Он был поздним ребенком. Когда родился, отцу было пятьдесят два, а матери — сорок один. Первый муж матери погиб на фронте, а единственная дочь умерла от дифтерии; вся довоенная семья отца — жена и трое детей — лежали в Бабьем Яру.

Гришенька стал их единственной отрадой, утешением и надеждой на старости лет. Отец был прекрасным портным, мастером по созданию мужской одежды. Целыми днями он официально работал в ателье, а вечерами — неофициально — дома. Постоянно сидел, скрестив ноги по-турецки, склонившись над сукном или габардином. Ему относительно редко попадался в руки отрез достойной ткани, с большим трудом раздобытой заказчиком. В таких случаях старый портной загорался, ласкал ткань пальцами, скрюченными артритом, и радовался, как ребенок: «Из этой ткани? О! Из этой ткани ви получите бруки, как у Ротшильда!»

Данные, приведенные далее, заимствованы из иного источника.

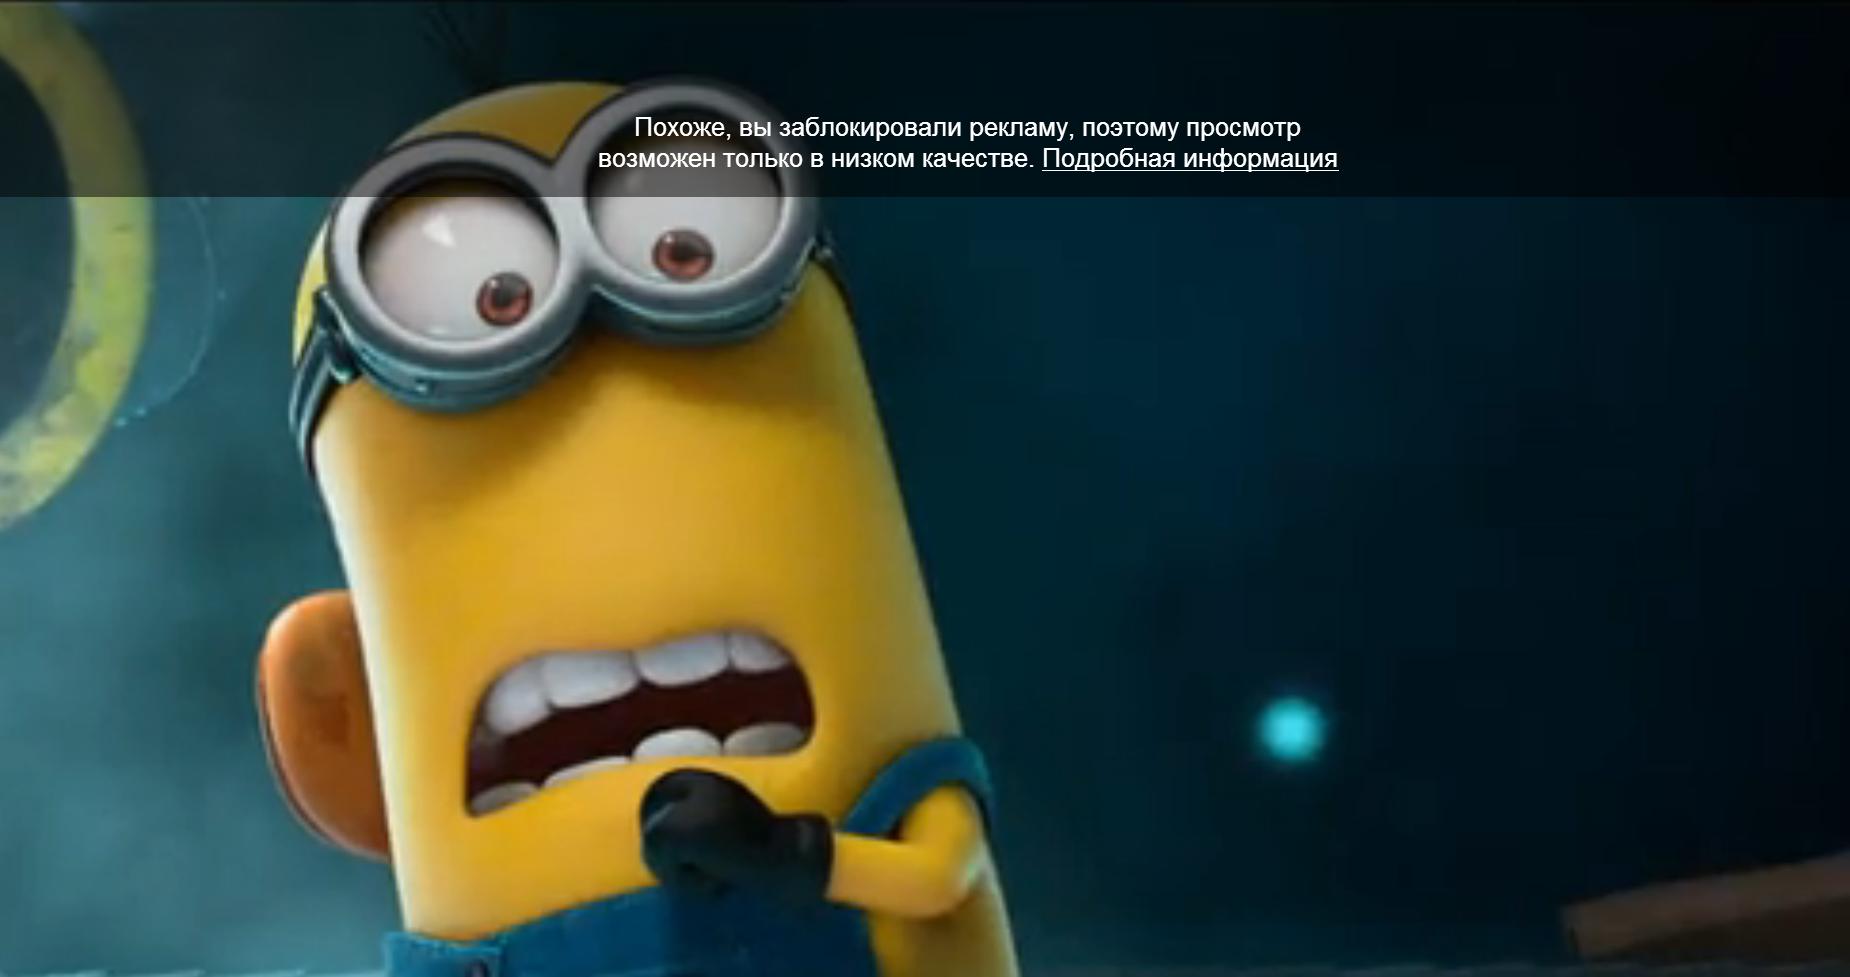 Око за око: Rutube начал резать качество видео пользователям, которые режут рекламу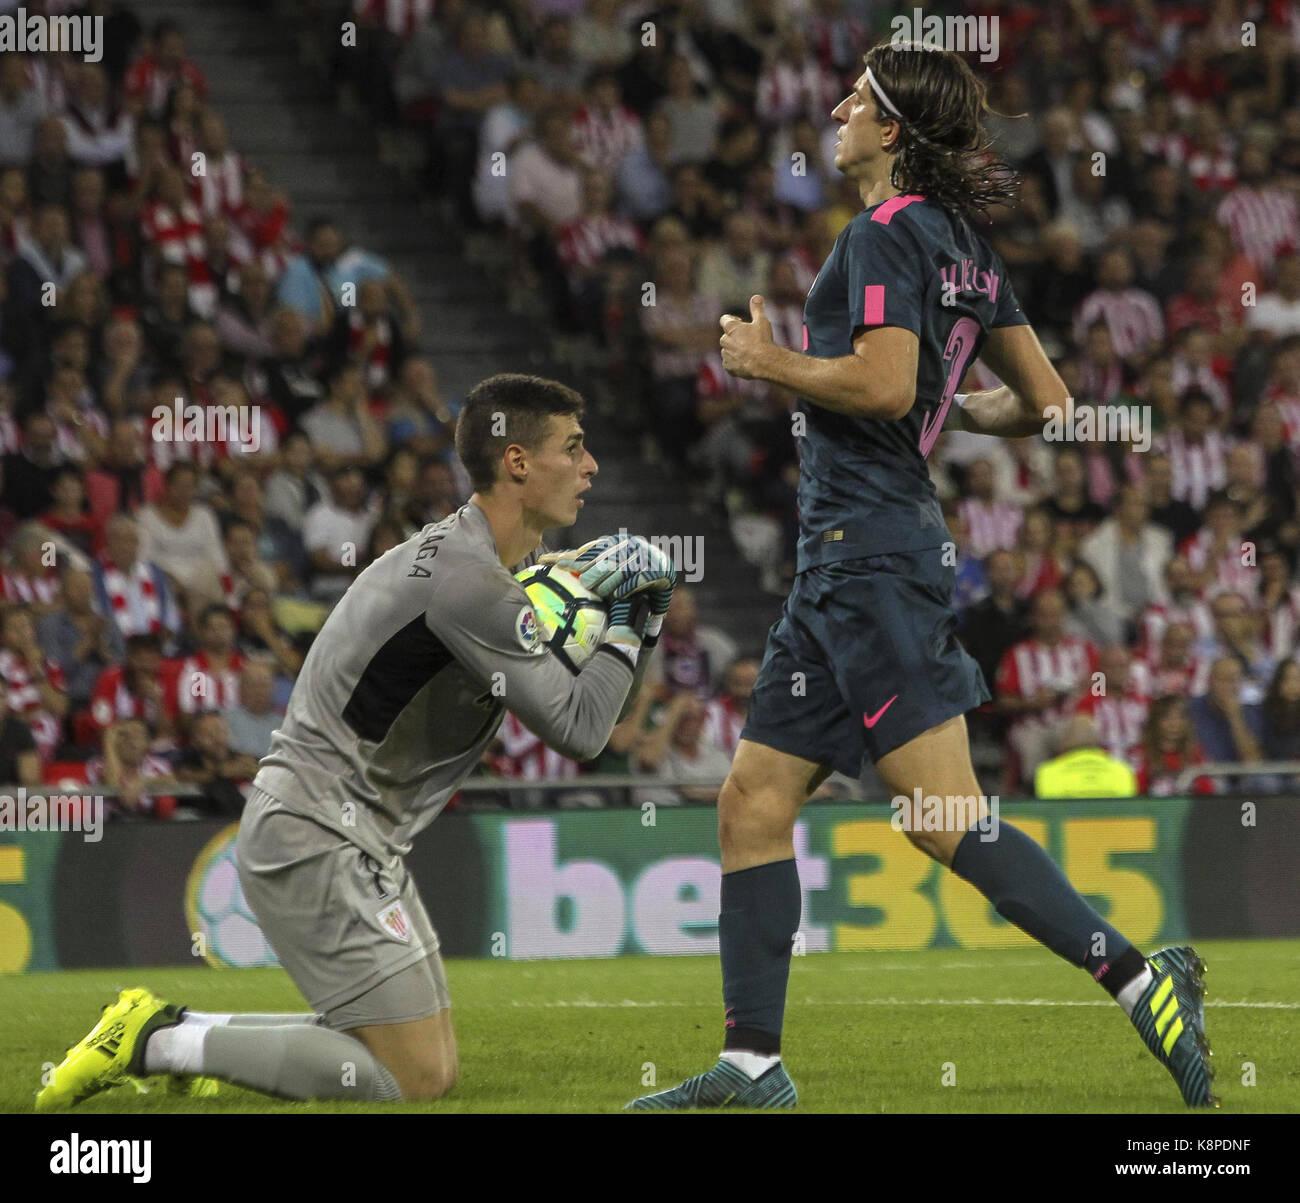 Athletic Bilbaos Goalkeeper Imágenes De Stock   Athletic Bilbaos ... 59e5217921cd6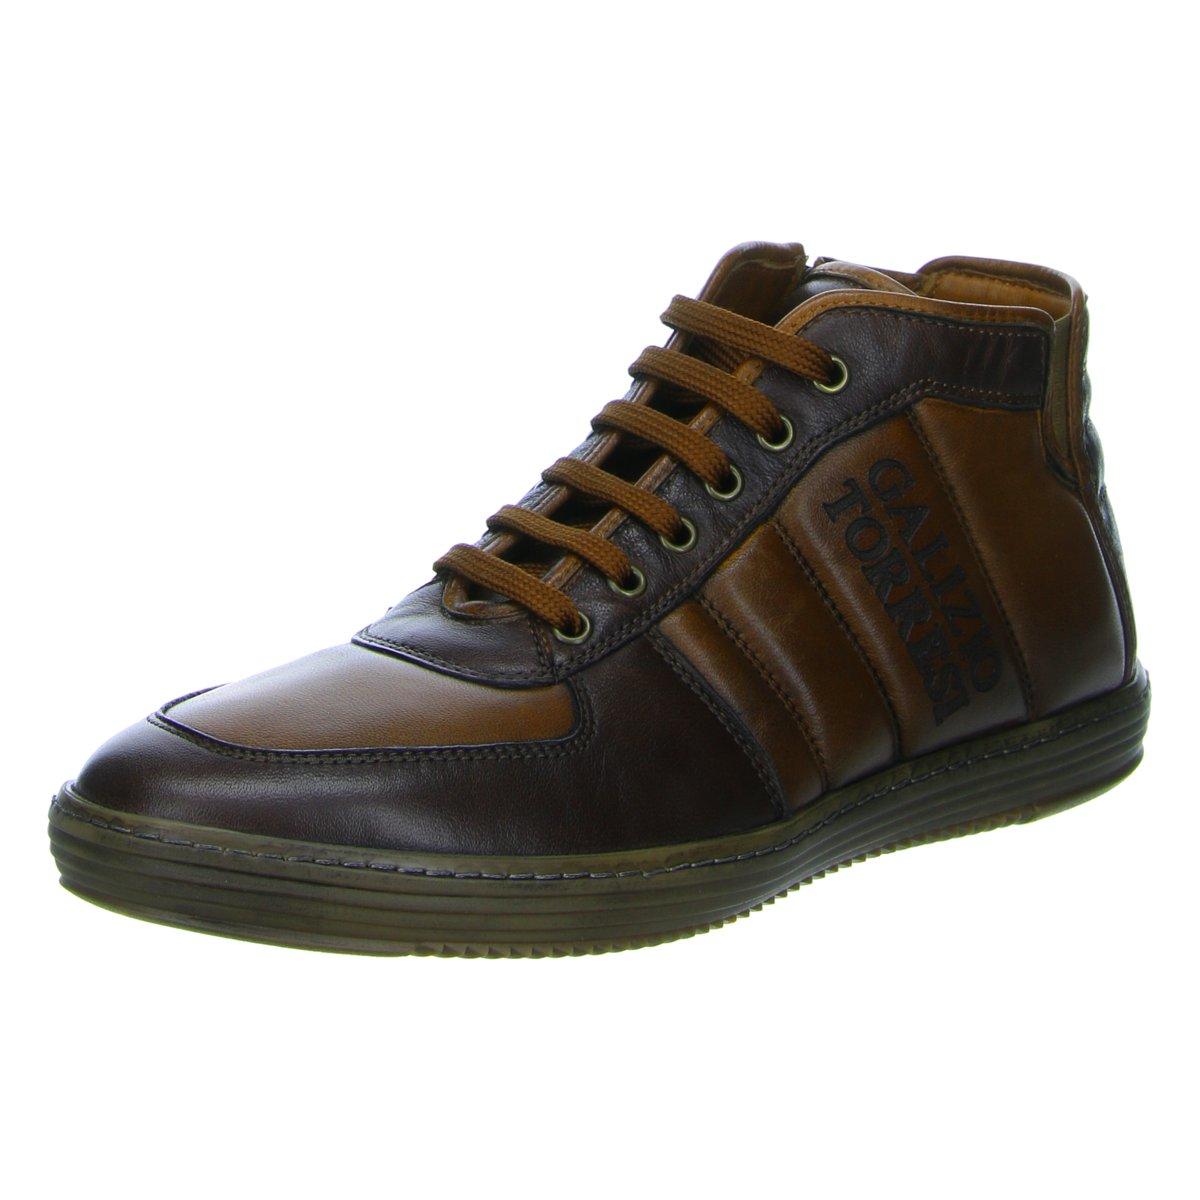 GALIZIO TORRESI Herren Stiefel 420666 v16518 braun 305905    | Online Shop Europe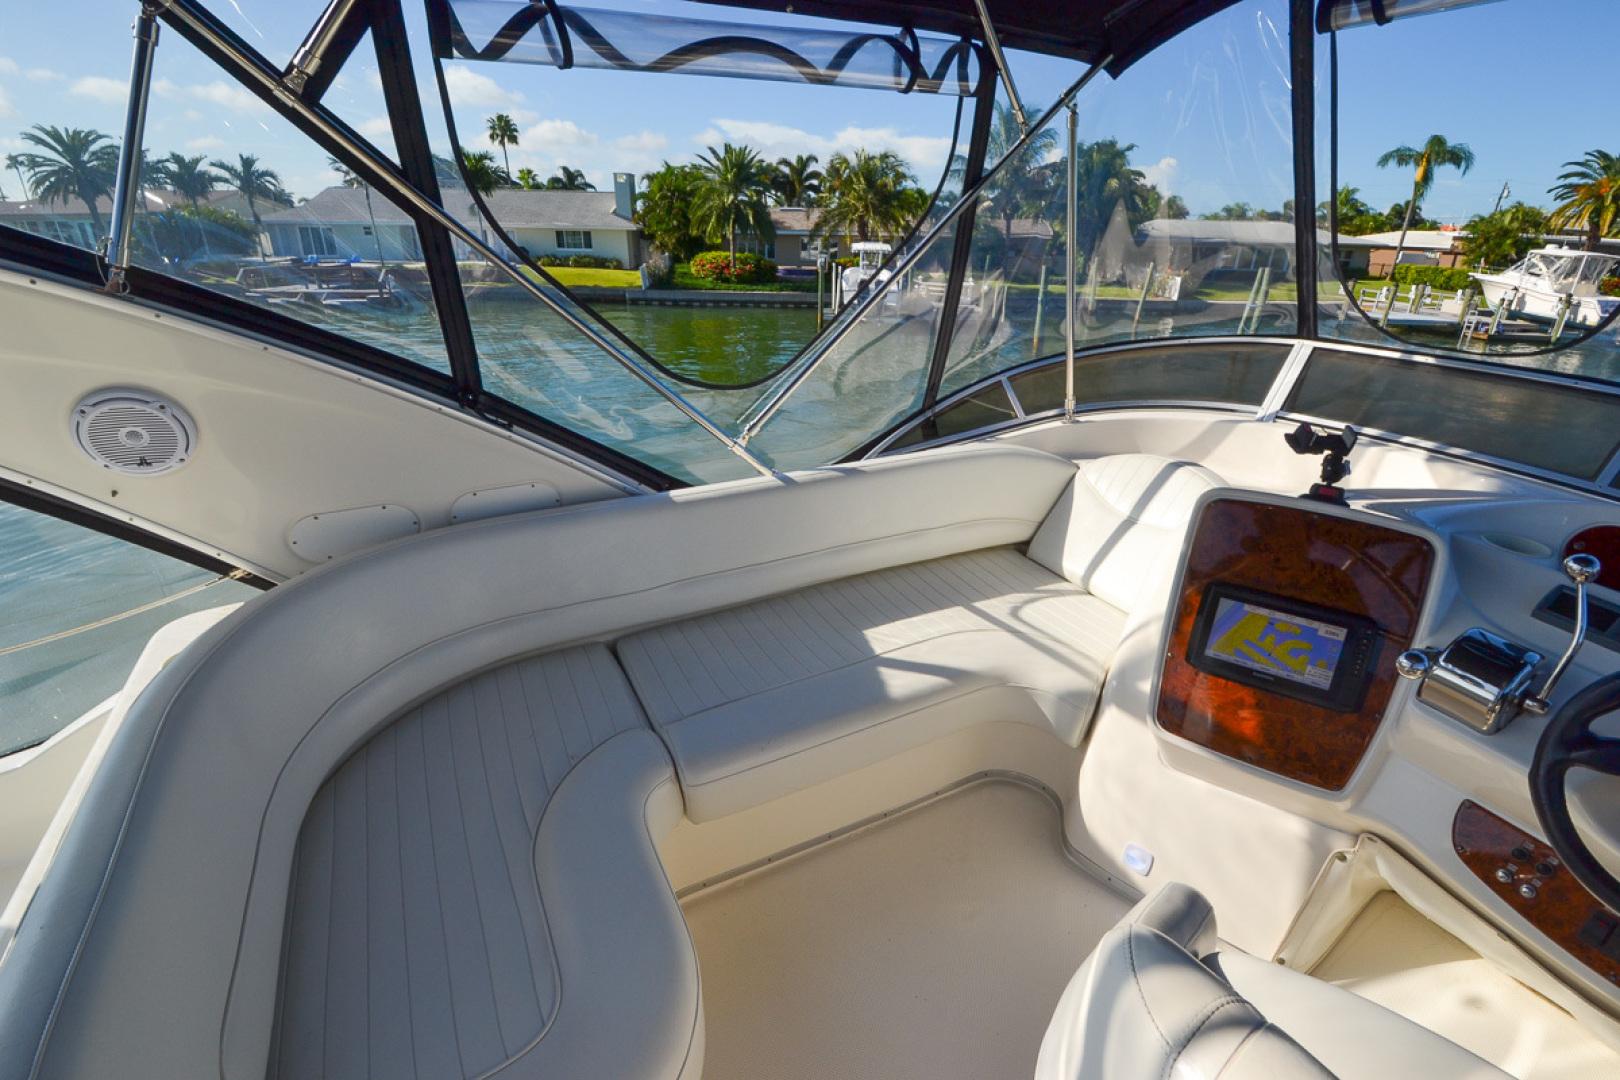 Meridian-341 Sedan 2004-Sea Harmony Belleair Beach-Florida-United States-1496631 | Thumbnail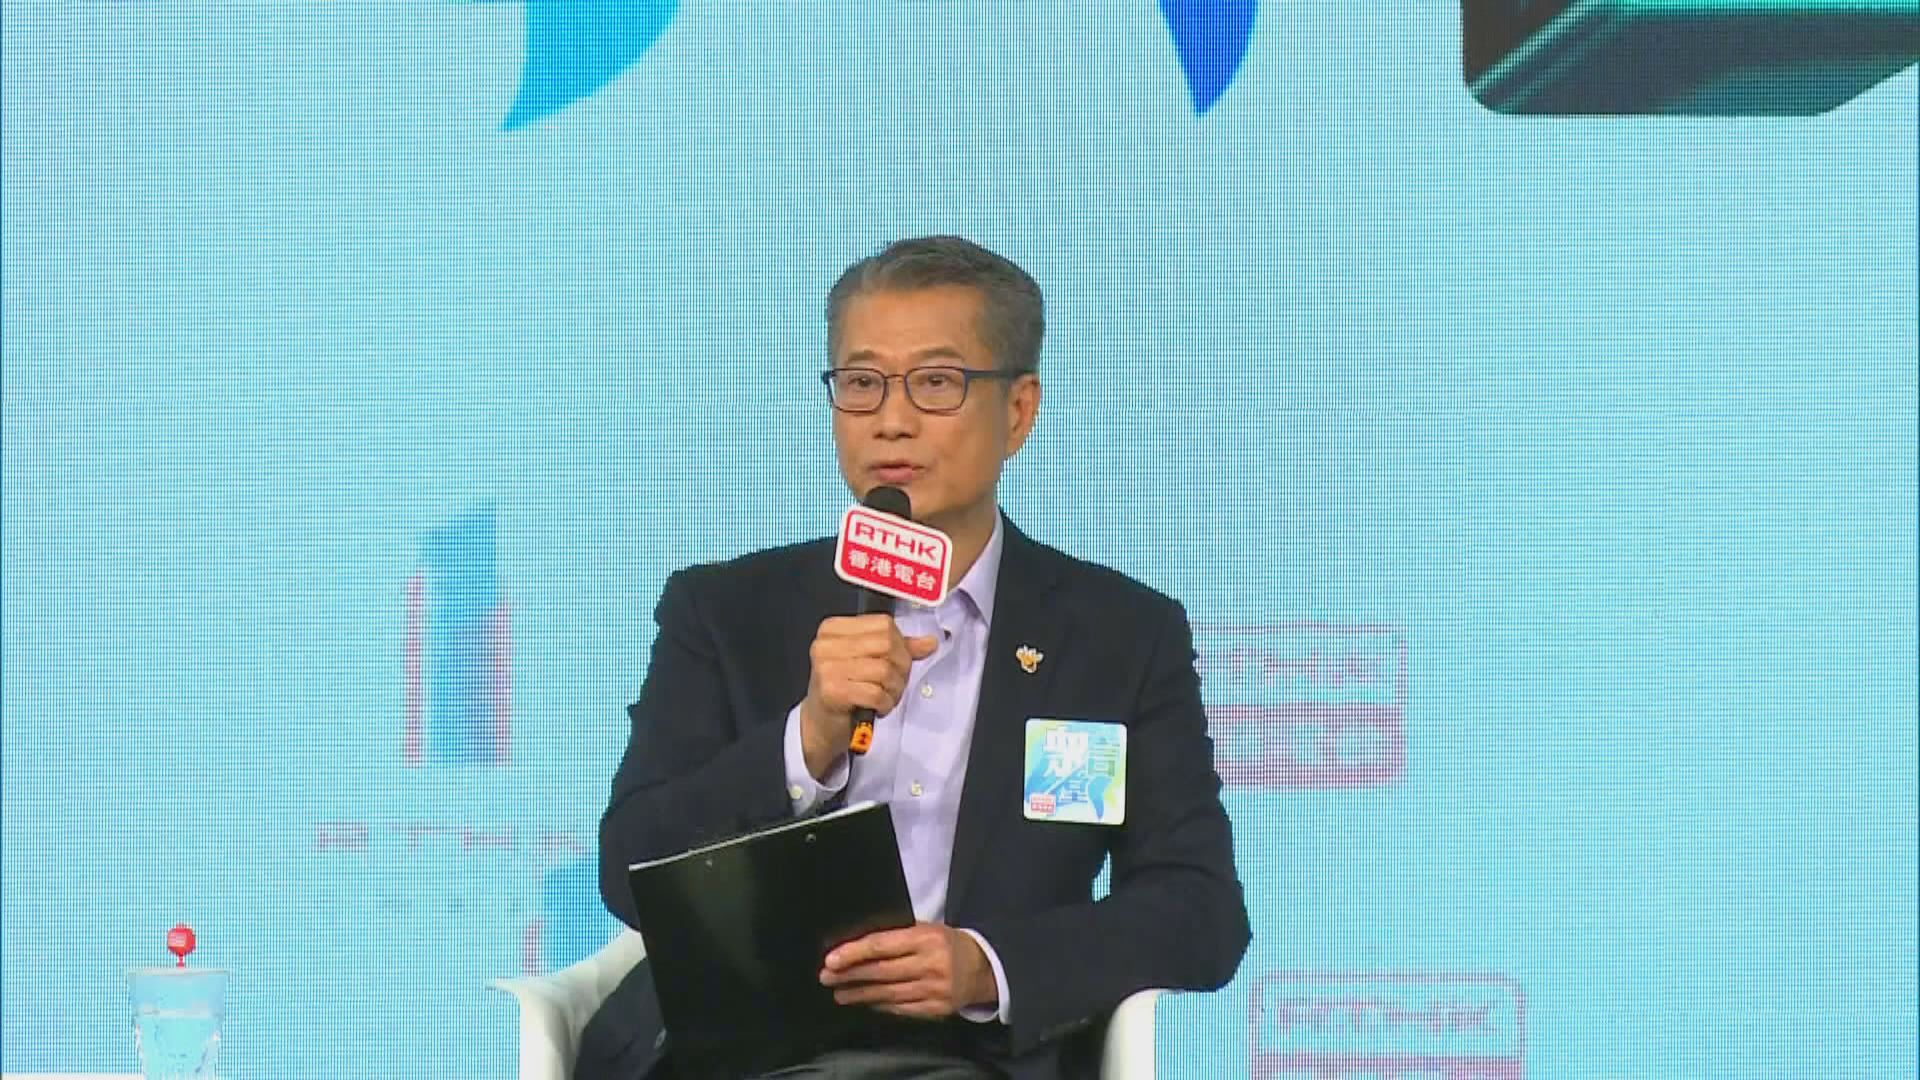 陳茂波指去年香港經濟內外交困 將進一步檢討免稅額

Мать Гриши служила на почте. Родители были простыми людьми, поэтому невероятно гордились достижениями в учебе своего вундеркинда. Отец, поставив еженедельную подпись в дневнике, торжественно возвещал, подняв вверх палец: «Этот мальчик? О! Этот мальчик далеко пойдет, я вам говорю!» И счастливые родители смеялись, предвкушая, каких высот достигнет их мальчик.

А пока что он учился в шестом классе и, с легкостью находя изящное решение сложных математических задач по программе десятого класса, думал не о высшей математике, не о карьере виртуоза-скрипача (хотя послушно ходил в музыкальную школу со скрипкой в футляре), а о медицине. Он мечтал стать хирургом, и все вечера напролет изучал толстые анатомические атласы, мгновенно запоминая волшебные классические латинские названия.

Безмолвное рабское обожание новенькой его нисколько не раздражало, наоборот — он сам с интересом поглядывал на хорошенькую и начитанную Нину.

Катастрофа, как и все стихийные бедствия, разразилась внезапно. На продленке играли в «догонялки». Шумные и разгоряченные шестиклассники с азартом носились друг за другом, стараясь непременно догнать и хлопнуть по плечу убегающую жертву. Несколько мальчиков погнались за неповоротливой Ниной и загнали ее в угол возле столовой. Девочка, прижавшись к стене, махала руками и ногами как ветряная мельница, инстинктивно обороняясь.

Внезапно Шурик Ройзман покраснел и холодно процедил:

— От тебя я такого не ожидал! Пошли отсюда, ребята!

И мальчики, отойдя в сторону, собрались кучкой вокруг возмущенного Шурика. Потом, обдав ничего не понимающую Нину душем ледяного презрения, гордо удалились. Вскоре вся мужская половина класса была введена в курс дела и стала смотреть на нее, как на пустое место. Когда она робко попыталась выяснить, что же все-таки произошло, один из мальчиков бросил свысока:

— А ты, оказывается, развратная!

Развратная! Вот это новости! Да что же она такого сделала, в самом-то деле? Потихоньку сбегала в туалет и проверила, не отстегнулась ли подвязка на чулке или не оторвалась ли пуговица на груди, но все было в порядке. Нина ничего не понимала и только плакала от ужаса происходящего. Несколько дней ее буквально бойкотировали, ничего не объясняя и только шушукаясь по углам. По небрежным кивкам в ее сторону она догадывалась, что о ее безнравственном поведении рассказывают очередному непосвященному. Перешептывания и недомолвки вконец измучили ничего не понимающую жертву недоразумения.

Наконец она подкараулила Шурика после уроков и потребовала объяснений. По его туманным иносказаниям она наконец поняла, в чем дело. Оказывается, защищаясь от своих преследователей, она якобы ударила Шурика коленом туда, куда мальчиков бить нельзя. Нина пришла в неописуемый ужас. Неужели они в самом деле вообразили, будто Нина знает, что у них есть ЭТО место? И что ТУДА можно бить? И вся школа теперь знает, что Нине известно про ЭТО место? Но ей, честное слово, даже в голову не могли прийти такие ужасные, грязные, распутные мысли!